What is their true agenda? 
There has to be a reason behind it. Its not helping owners find lost dogs.


----------



## R E McCraith (Nov 24, 2011)

Chip me - Chip this - the government can not balance the budget ! has it gotten to the POINT we can not find our own pups ? yes PIKE is chipped - pitty the fool that CATnaps him ! LOL !!!!!


----------



## hotmischief (Mar 11, 2012)

I am sure their agenda is money and accountability. However, my vet did tell me about a dog that a builder found in his van. He had been working aways from home - several hours drive away, when he got home he opened the back up to find this terrier. He took it into the local vet who scanned the dog and they traced the owner.

They think the dog had jumped into the builders van looking for food! So microchips are a good idea. Although, by law in the UK all dogs are meant to have an identity tag on their collar. I have never had any one check my dogs and you could argue what is the difference (except collars do come off).

The micro chip data base companies must be rubbing there hands together counting the £££s.


----------



## born36 (Jun 28, 2011)

Yes Microchips can bring missing dogs back together. 

Here is an example from the paper just yesterday.

http://www.standard.co.uk/news/lond...olent-raid-8484342.html?origin=internalSearch


----------



## datacan (May 15, 2011)

redbirddog said:


> What's next? Mandatory microchips in children? I mean they might get kidnapped, so what's wrong with it?
> 
> Sorry but completely against this. But heck, who am I?
> 
> ...


Geo tracking the population. Just imagine the tax benefits. No more playing hookie from work.


----------



## Rufus Tiberius (Dec 18, 2012)

It was my choice to have my dog micro-chipped, and I agree that it is a good idea to have it done, but it should NOT be mandatory. Just how are the authorities going to enforce this law? Have a once a year day when you have to bring all your dogs to a place to be checked for a chip? Make you a criminal if you have not complied and subject you to a large fine or jail time?

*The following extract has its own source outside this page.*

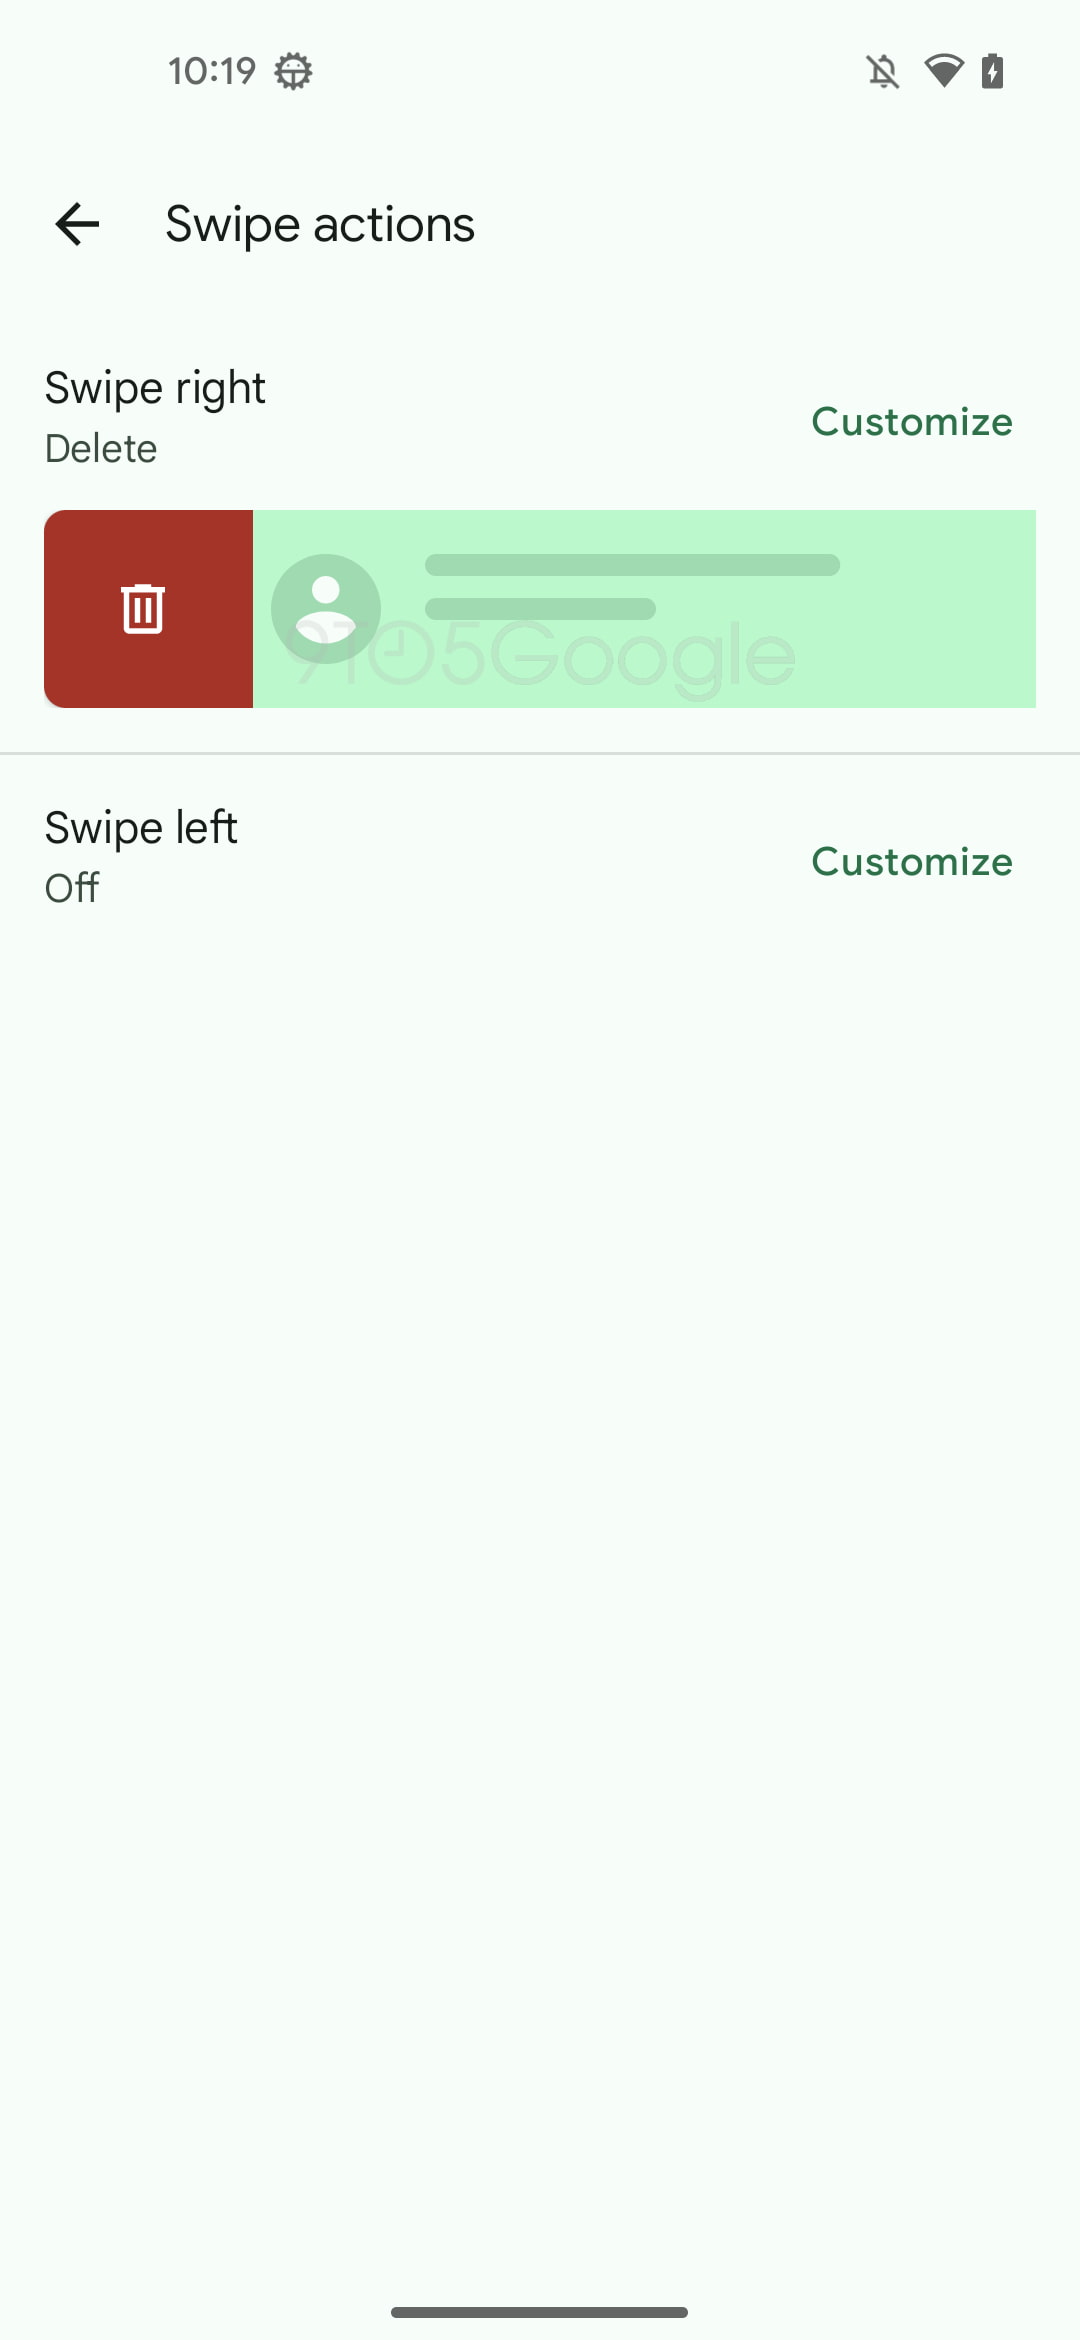 Google Messages "Swipe actions" menu with "Swipe right" set to Delete and "Swipe left" set to Off

To me, it is like getting the mandatory dog license. I got the license but I didn't want too. Paid more for my intact dog than if he was neutered. Animal control in my county exempt cats, horses, farm animals from the regulations. I see it as just another way to generated revenue for the vets, city, and county in which I live.

Just my rant when somebody or government entity tells me if have to do something.


----------